By the way, I'm using Windows 7 64-bit, and Room EQ Wizard works fine on it. As I said, I have the two audio cards, but I primarily use the RME. I actually tested the RME first because I keep the other card disabled except when I need to do something in Pro Tools. I only tested the M-Audio because I wanted to see if it would give me different readings than my RME and, as I said, it gave perfectly flat readings. But there are no sophisticated settings in a Software Control Panel and Mixer as there are in the RME. 

Any ideas anyone? I can always test the room with the M-Audio, but the response of my higher quality card concerns me and I don't want to record with it if there is a problem with it. If no one has any experience in this forum, my best bet is to send the graphs to the manufacturer, but as I said, I can't figure a way to print them, so if anyone can even help me just figure out how to do that, I would be most grateful.

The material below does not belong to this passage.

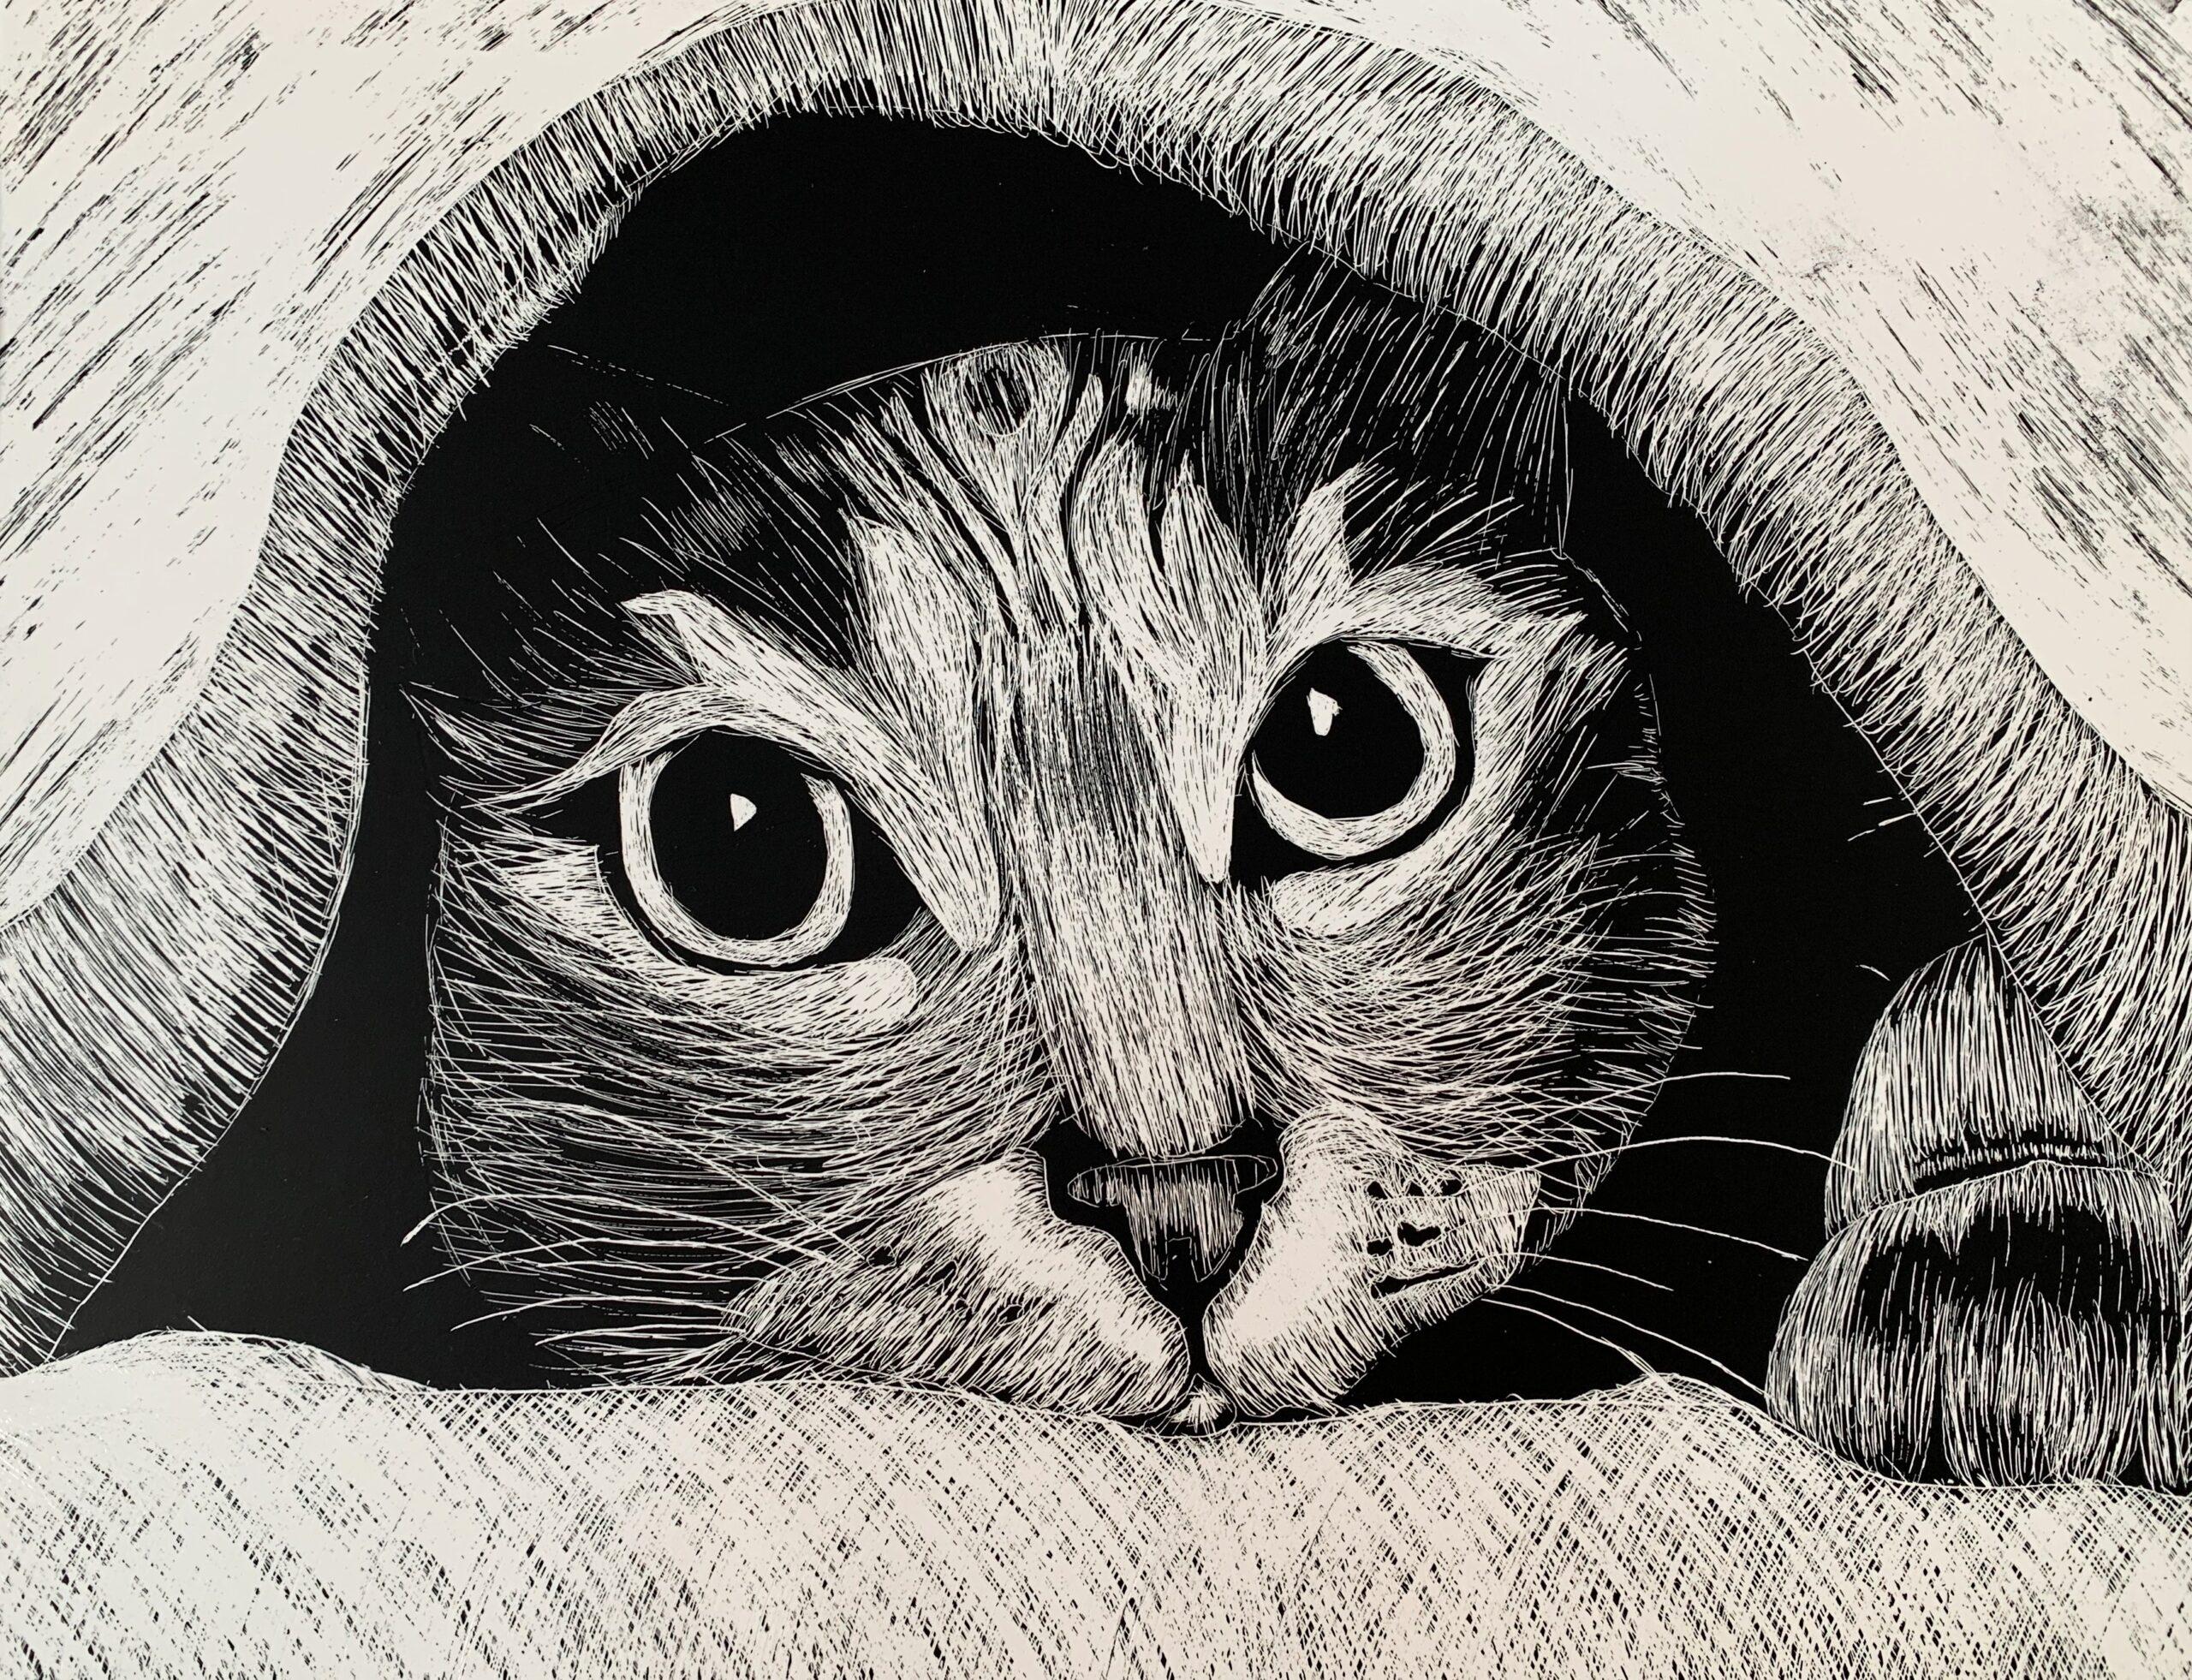 pen drawing of cat

Any help or ideas would be greatly appreciated.

Sincerely,
marsx


----------



## JohnM (Apr 11, 2006)

That type of response is caused by a feedback loop, either caused by a monitoring feature in the soundcard that needs to be turned off in the soundcard's mixer software or by not having the line in muted in the playback mixer.


----------



## marsx (Feb 16, 2010)

Hi,

Thanks, I got a more flat reading but I am still concerned about this REW software. When I finally got all the settings right and got a reading, the RME HDSP 9632 (which is considered a fairly high end card) gave me a consitent reading that showed from 15,000 khz to 20,000 the dbs went consistently down over that frequency range on a curve ending at about 0.8 dbs below 0; For 40 hz to 15,000khz it was flat. However, my low cost M-Audio Fast track Pro was completely flat from 80 hz to 20,000khz. I wrote to support at RME and told them what I was experiencing and they put the software I was using (REW) into question and told me I should try some software called RMAA, which is specifically for testing sound cards. When i tested the card in that software (the RMAA software is free and is the standard for testing lo and hi end gear of all types), my card showed a completely flat frequency response. Anyone ever have a card that had a less than flat frequency response with RME? Anyone test the same card using RMAA software to confirm if there was a problem with their card? Now that I have found a discrepancy between the REW software, which is freeware and offers no warranty of reliability, and the RMAA software, which is kind of like the standard software that many manufacturers use to rate their equipment, I'm concerned about the accuracy of the REW software all around.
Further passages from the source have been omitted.